Segment Start: Data extracts

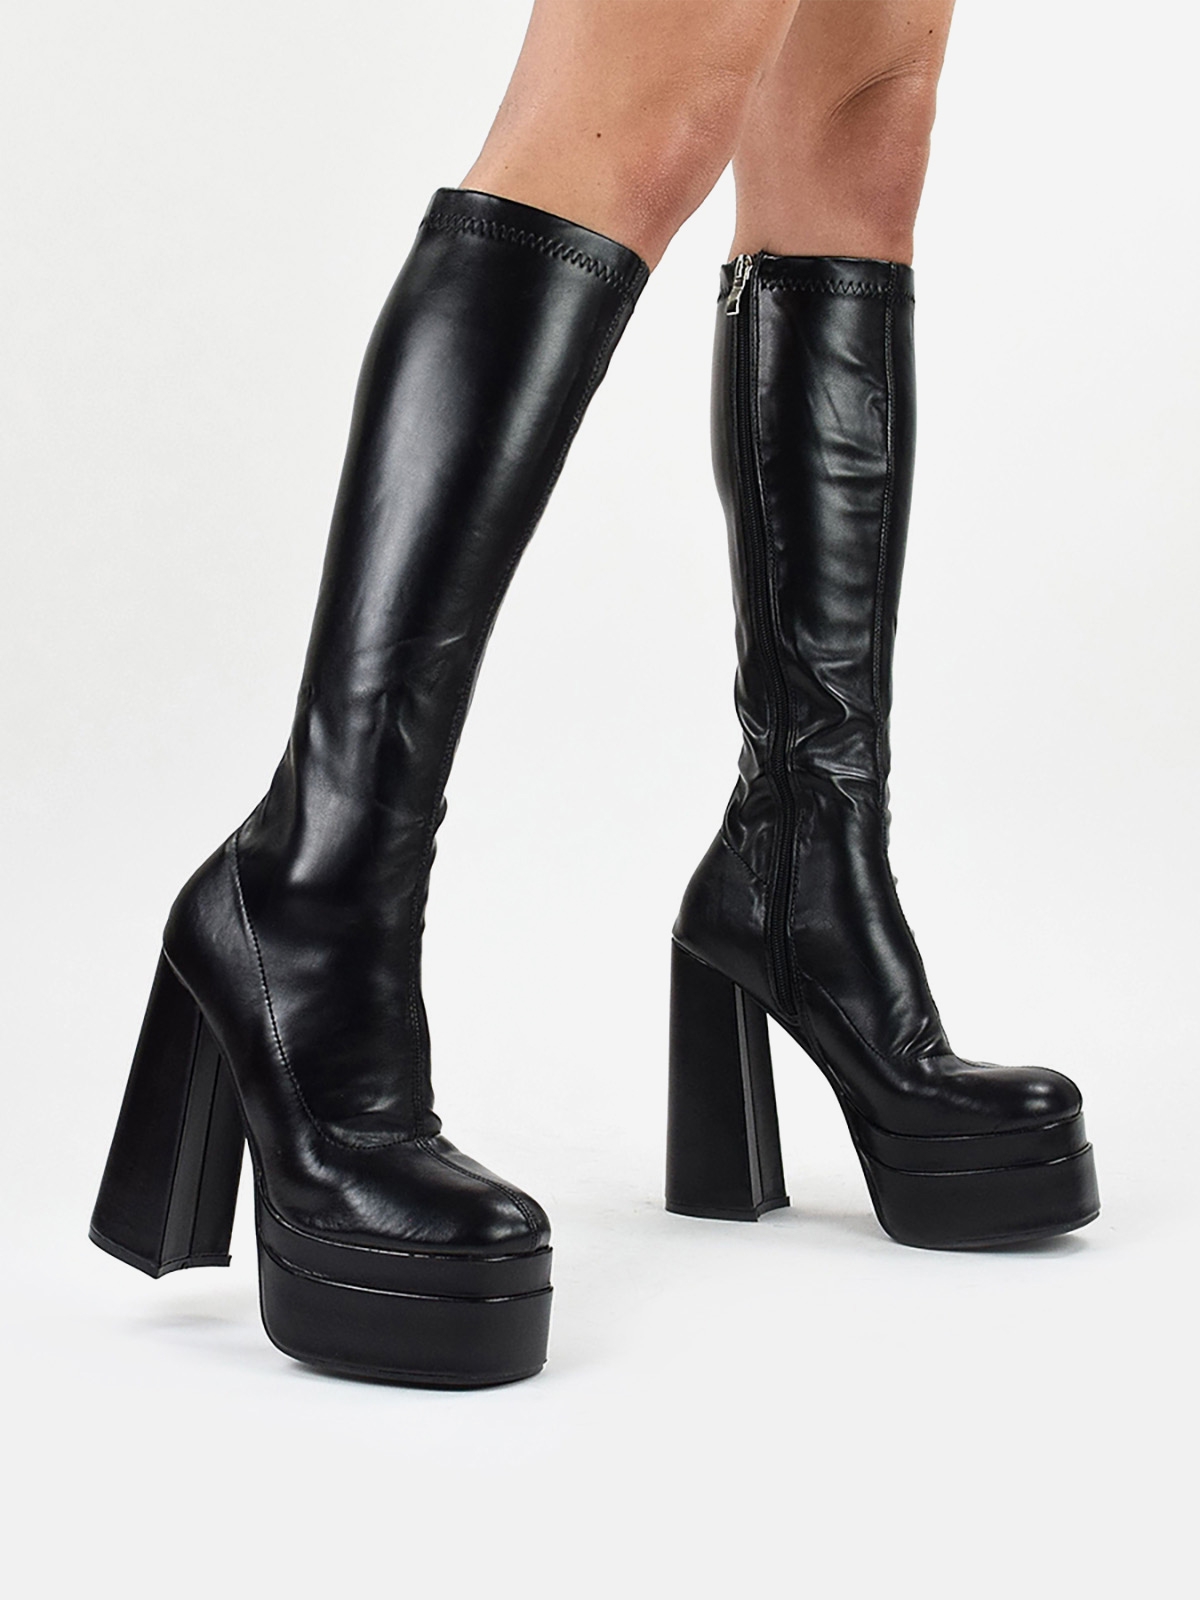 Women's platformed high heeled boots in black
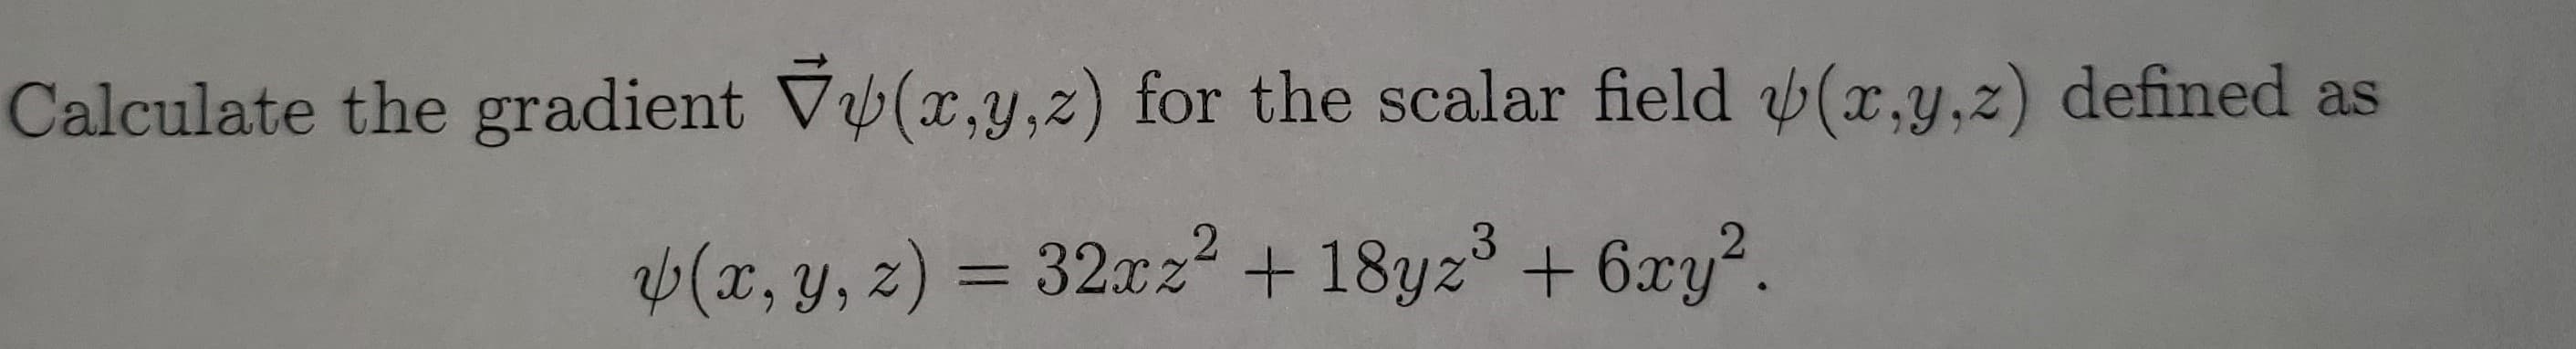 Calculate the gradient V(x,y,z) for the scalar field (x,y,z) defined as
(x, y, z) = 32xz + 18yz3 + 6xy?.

Segment End: Data extracts
Segment Start: Data extracts

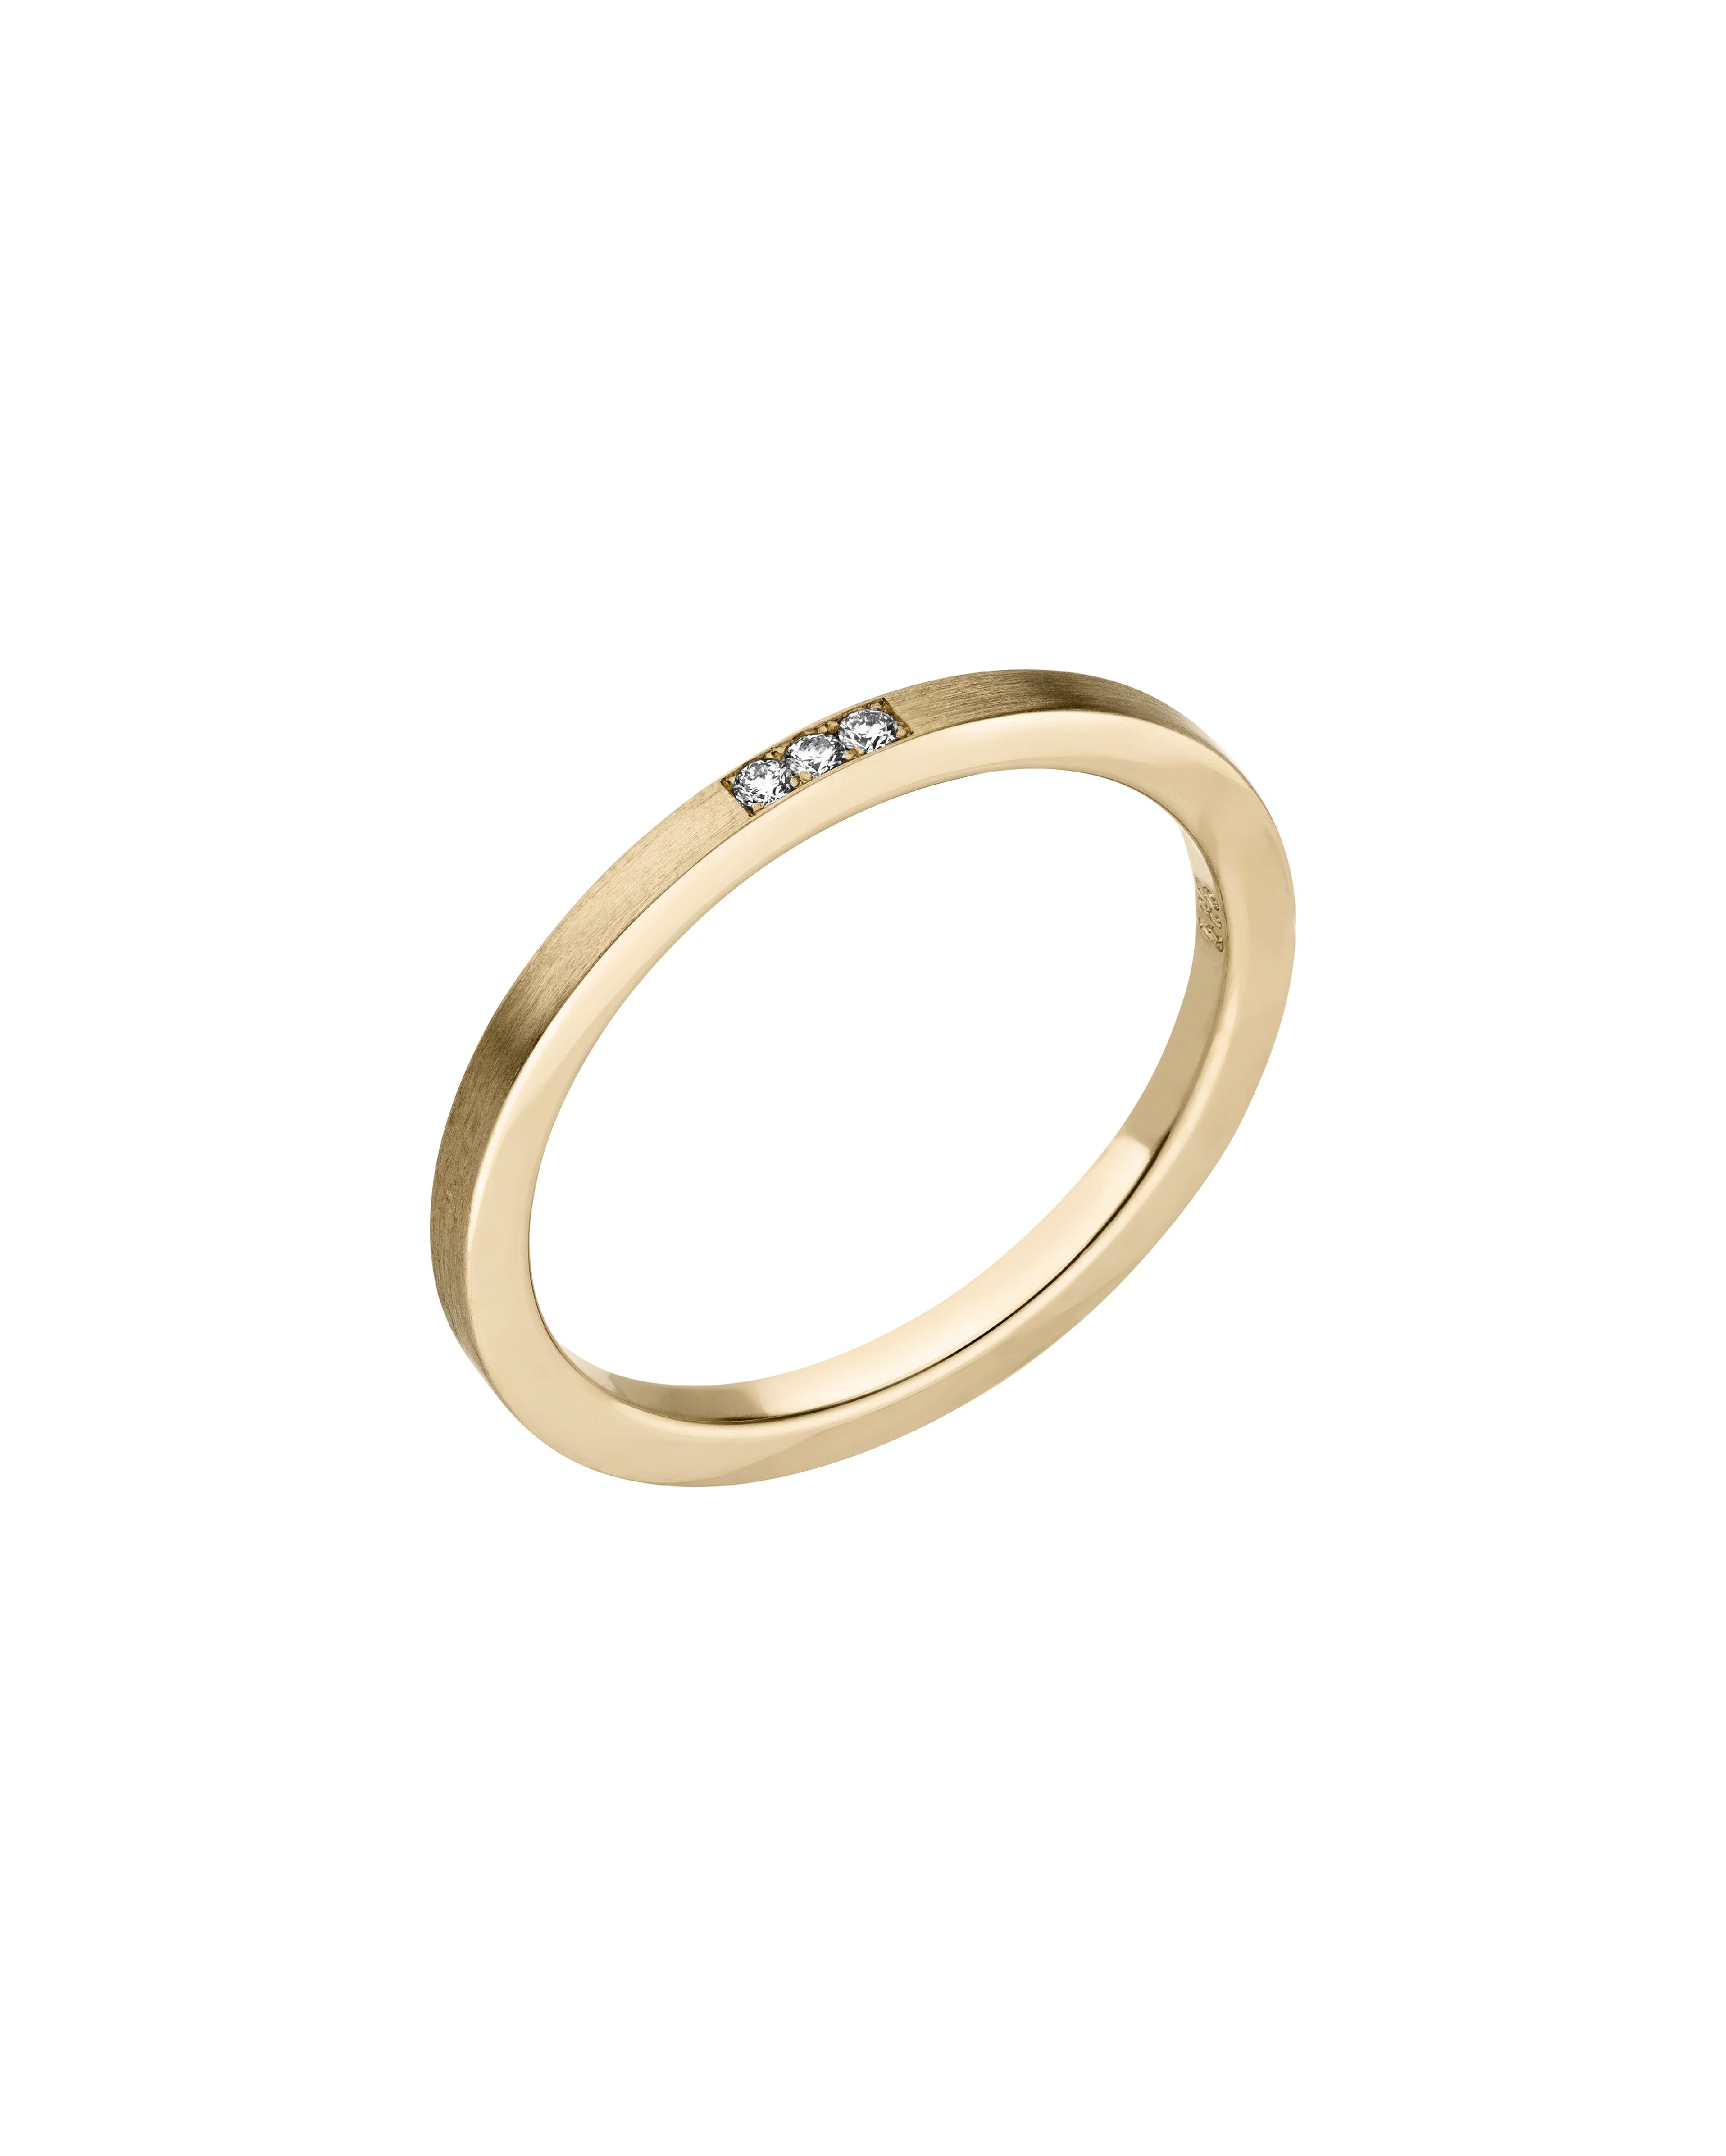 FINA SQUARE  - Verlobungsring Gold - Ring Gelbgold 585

Segment End: Data extracts
Segment Start: Data extracts

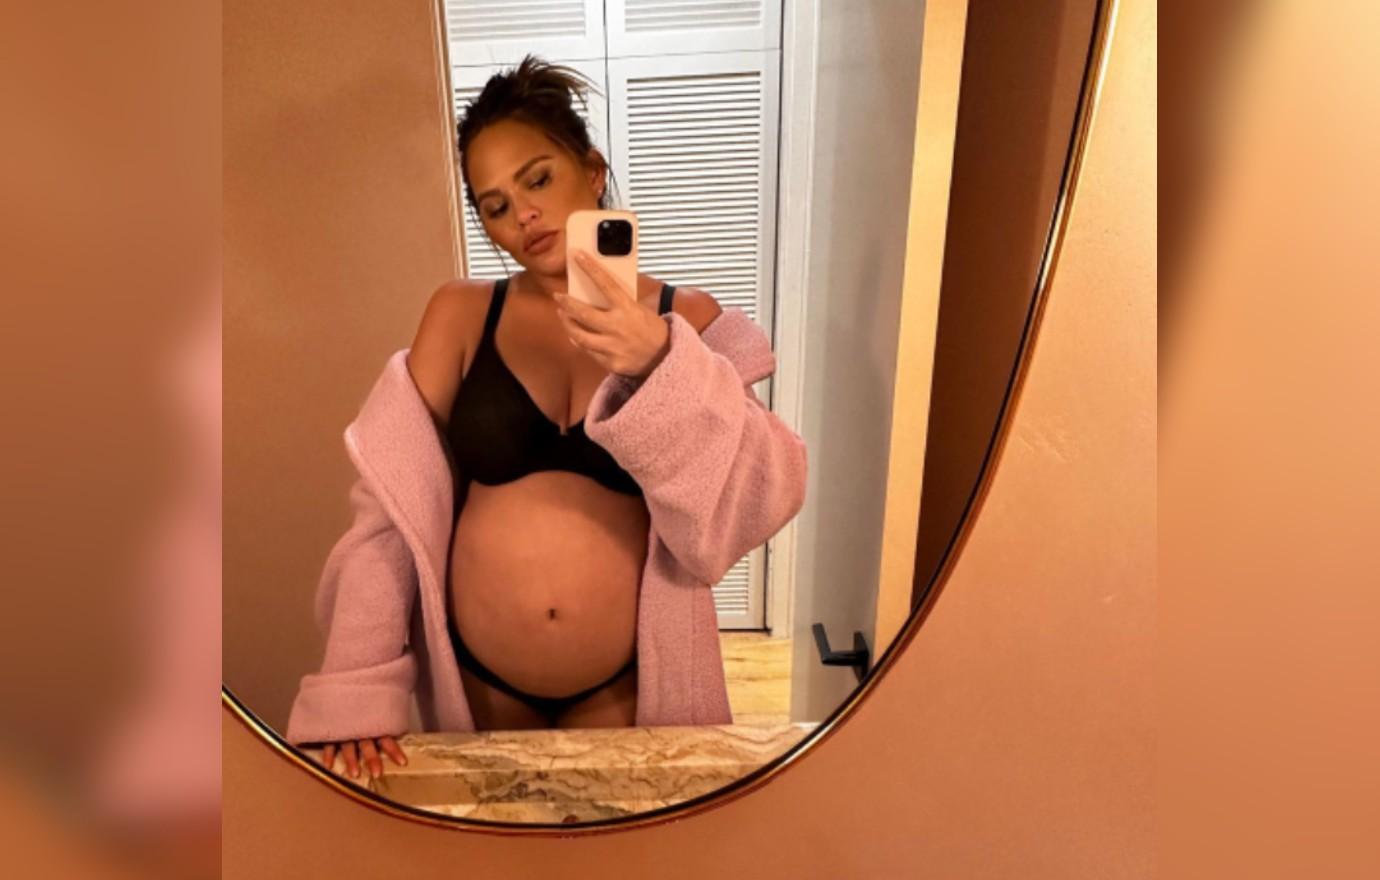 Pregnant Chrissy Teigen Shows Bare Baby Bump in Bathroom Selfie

Segment End: Data extracts

Copy the entries above exactly, but only the stretch from the line containing "Calculate the gradient" through the line containing "(x, y, z) = 32xz + 18yz3 + 6xy?.". Keep both end lines; drop the pictures.

• Solution to the exercise:
 Calculate the gradient V(x,y,z) for the scalar field (x,y,z) defined as
(x, y, z) = 32xz + 18yz3 + 6xy?.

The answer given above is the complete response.